Абдельахат хотел было извиниться, сказать, что знал ее маму в таком же возрасте, но передумал: неизвестно, как воспримет это девушка. Может ведь совсем смутиться, и вместо прослушивания черт знает что получится. Ограничился вопросом:
— Что ты решила спеть, Мадина?
— «Бурёнушку».
Оказалось, что у нее есть напарник — со скамейки встал паренек с кураем в руке. И сначала плавно полилась мелодия курая, затем к ней присоединился голос, необыкновенно чистый и сильный, в то же время естественный, как весенние ветры, как цветы на лугу, как радость и печаль.
Bсe собравшиеся в клубе замерли, слушали Мадину завороженно.
Смолкла песня, и взволнованный Мирхайдаров сказал:
— Лишил ты нас доярки, Абдельахат-кустым. — И спросил, обратившись к Мадине: — А что, если я не отпущу тебя учиться, а?
Мадина потупилась.
— Значит, судьба у меня такая. Окончить десятилетку помешала война, теперь — вы...
— Я пошутил, дочка, пошутил! — На глаза Мирхайдарова набежали слезы, он отвернулся, чтобы скрыть их.
Песня Мадины, ее голос и трогательная непосредственность глубоко взволновали и Абдельахата. Эх, взять бы сейчас в руки гармонь, излить переполнившие душу чувства. Не хватает ему гармони, и всю жизнь будет не хватать. Он взглянул на свою правую руку, словно решил проверить, не отросли ли пальцы взамен оторванных осколком вражеской мины. Нет, торчали на ней лишь два пальца, да и те — изуродованные...
Что поделаешь, не повезло ему.
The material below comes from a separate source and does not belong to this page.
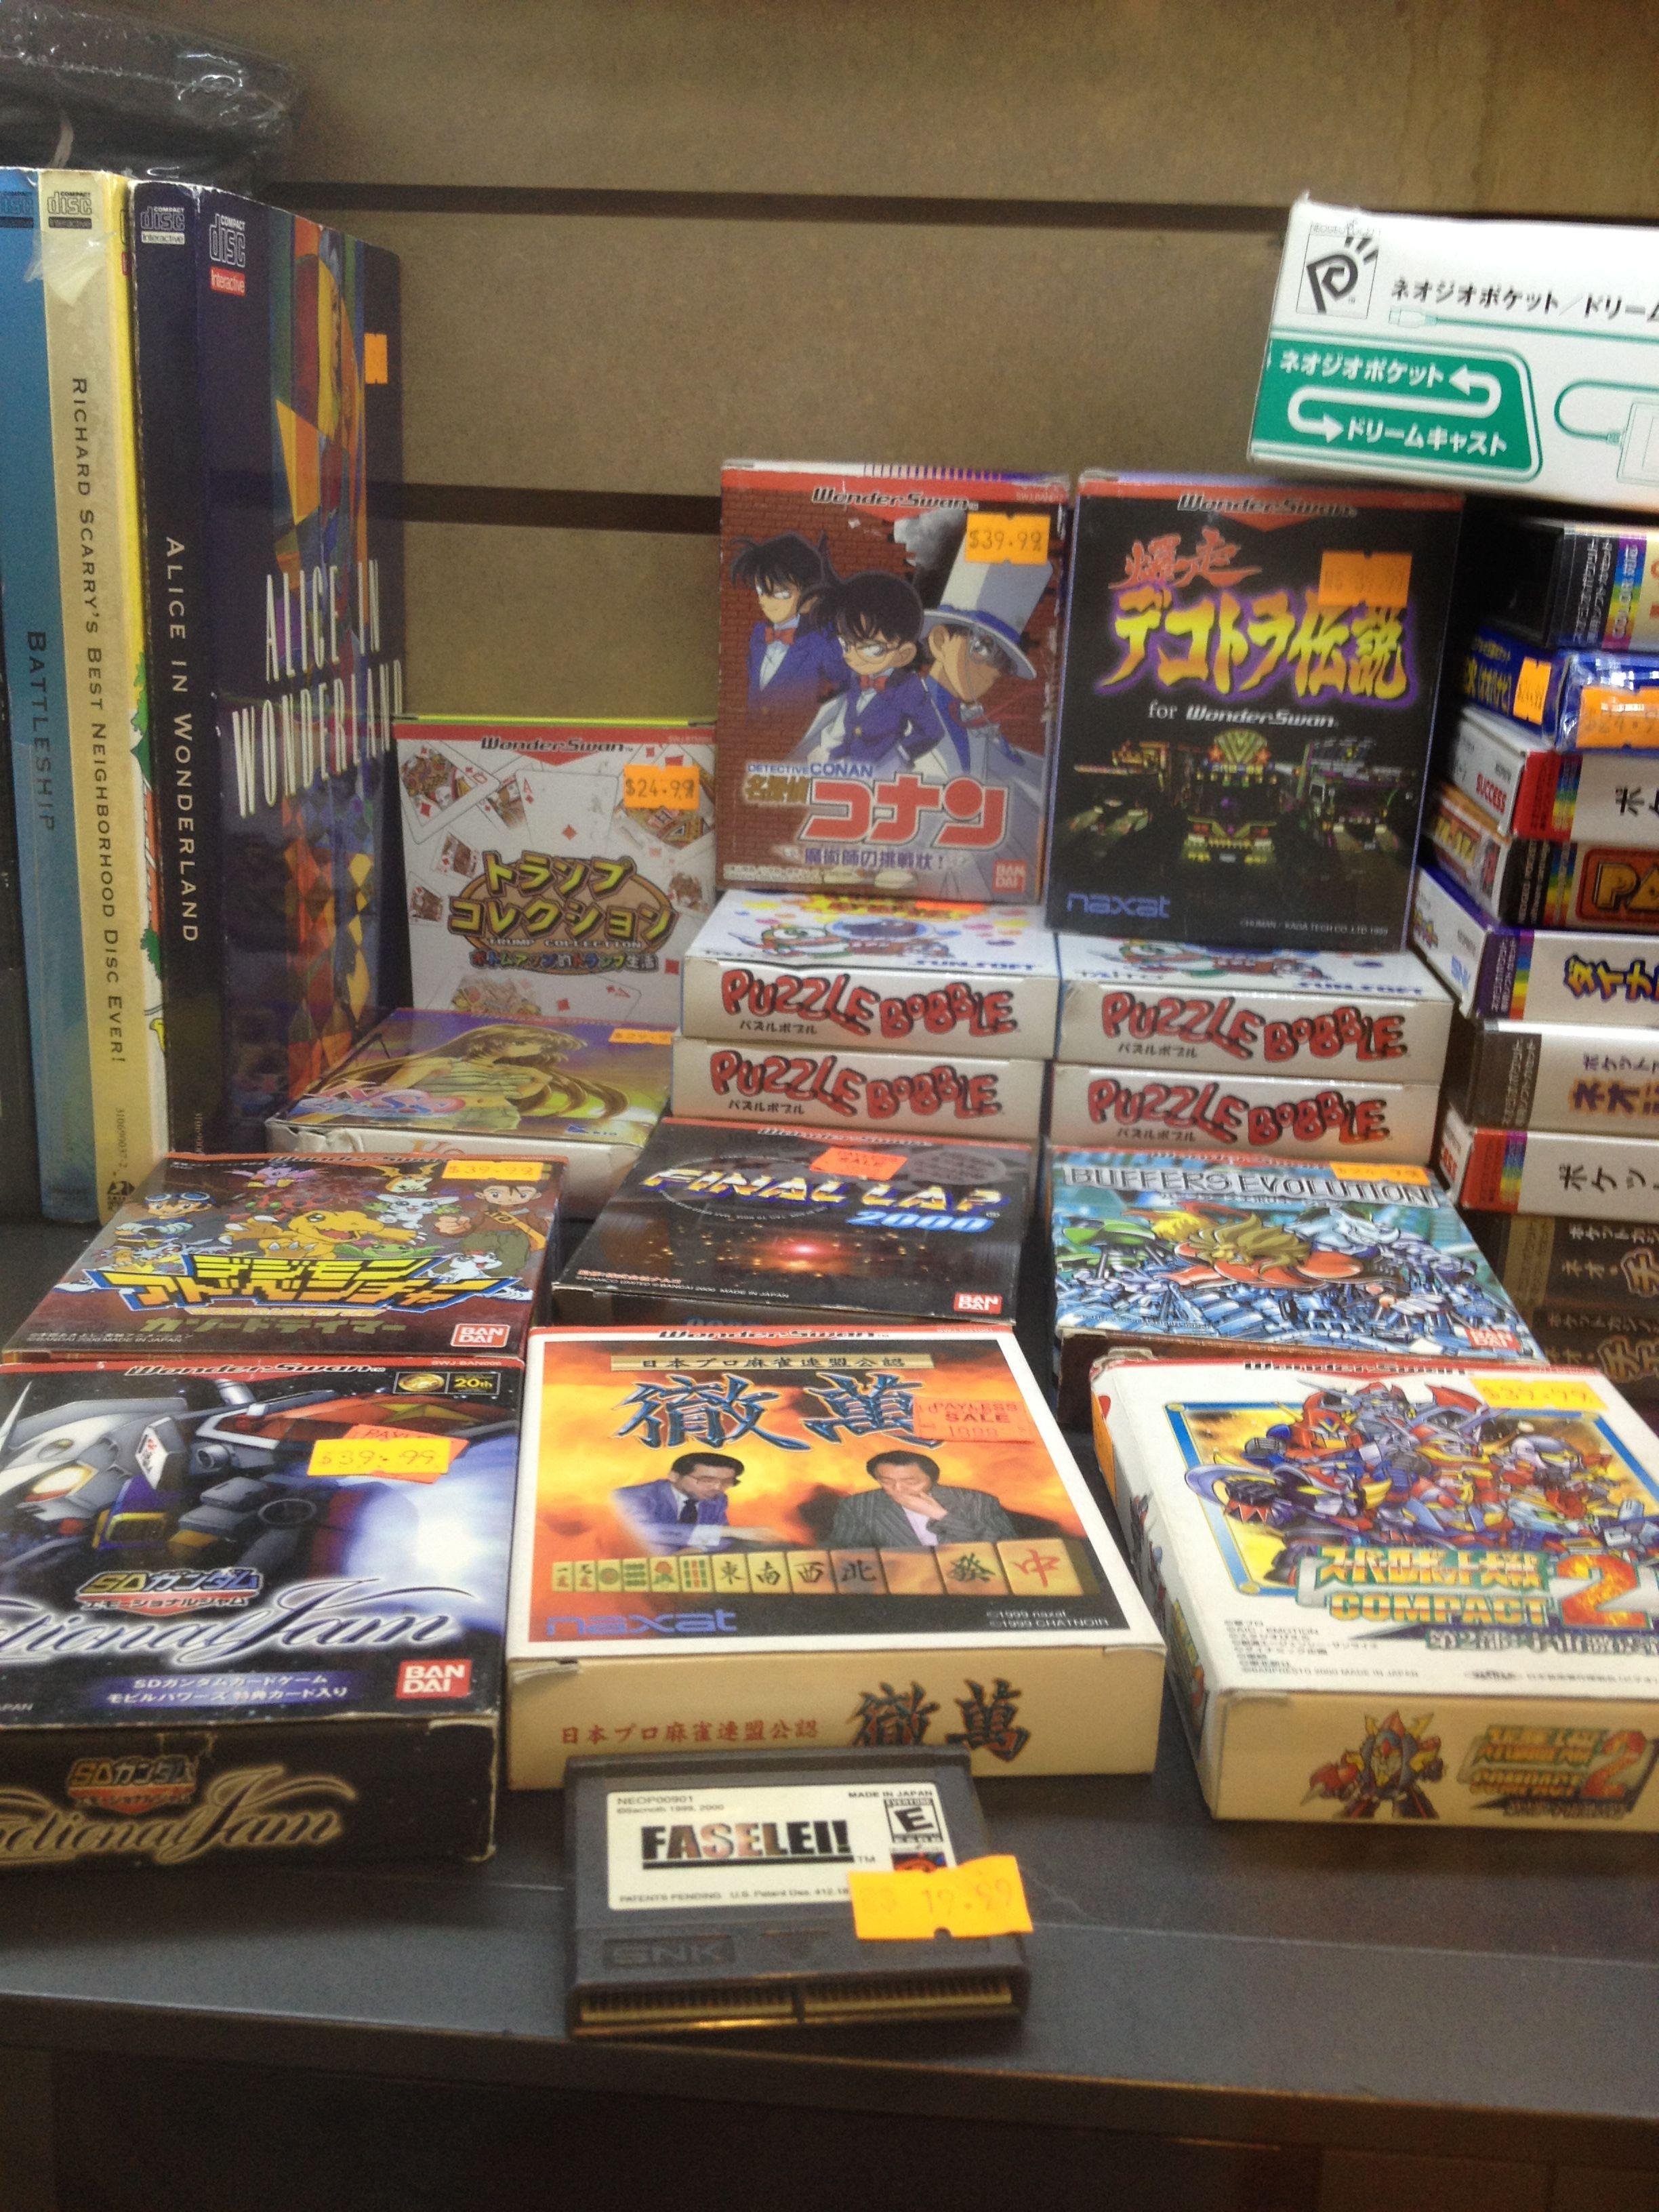 Retro Gaming Stores Ausretrogamer

Но не все потеряно, он будет помогать другим, таким, как Мадина, одаренным девчатам и ребятам, чтобы раскрылись их способности, чтобы играла гармонь и звучали песни, как звучали испокон веков.
Он думал об этом и потом, когда, простившись с собравшимися в клубе, спустился к речке и долго сидел на берегу, вспоминая прошлое и пытаясь представить будущее. Вспомнились Шахарбану-апай и Гульбану, вечера, проведенные с ними, счастливые вечера, озаренные его первой любовью. Гульбану поныне жила в его сердце, но сегодня ее образ слился с образом Мадины, и возникла сумасшедшая мысль, что Мадина ниспослана ему небесами вместо потерянной Гульбану. А в самом деле, вдруг Мадина полюбит его? Конечно, разница в возрасте большая, но в душе он будто семнадцатилетний. Между прочим, почему бы ему самому не поступить учиться? Он во сне сочиняет музыку, и какие только мелодии в уме у него не рождаются! Если бы он овладел нотной грамотой и стал записывать эти мелодии, сочинять песни, а Мадина — исполнять их...
Словом, размечтался Абдельахат и заторопился в аул, решив повидаться с Мадиной — теперь у нее дома.

* * *
Порученцы Ихсанбая с ног сбились, собирая молодых тиряклинцев по составленному им списку. За кем-то пришлось бежать на ферму, кого-то вытаскивать из воды — день выдался жаркий, самые храбрые любители купания уже плескались в речке. Ихсанбай сам в клуб не пошел — надо это бывшему свинарю (про таких русские говорят: из грязи — в князи), так пусть он этим и занимается.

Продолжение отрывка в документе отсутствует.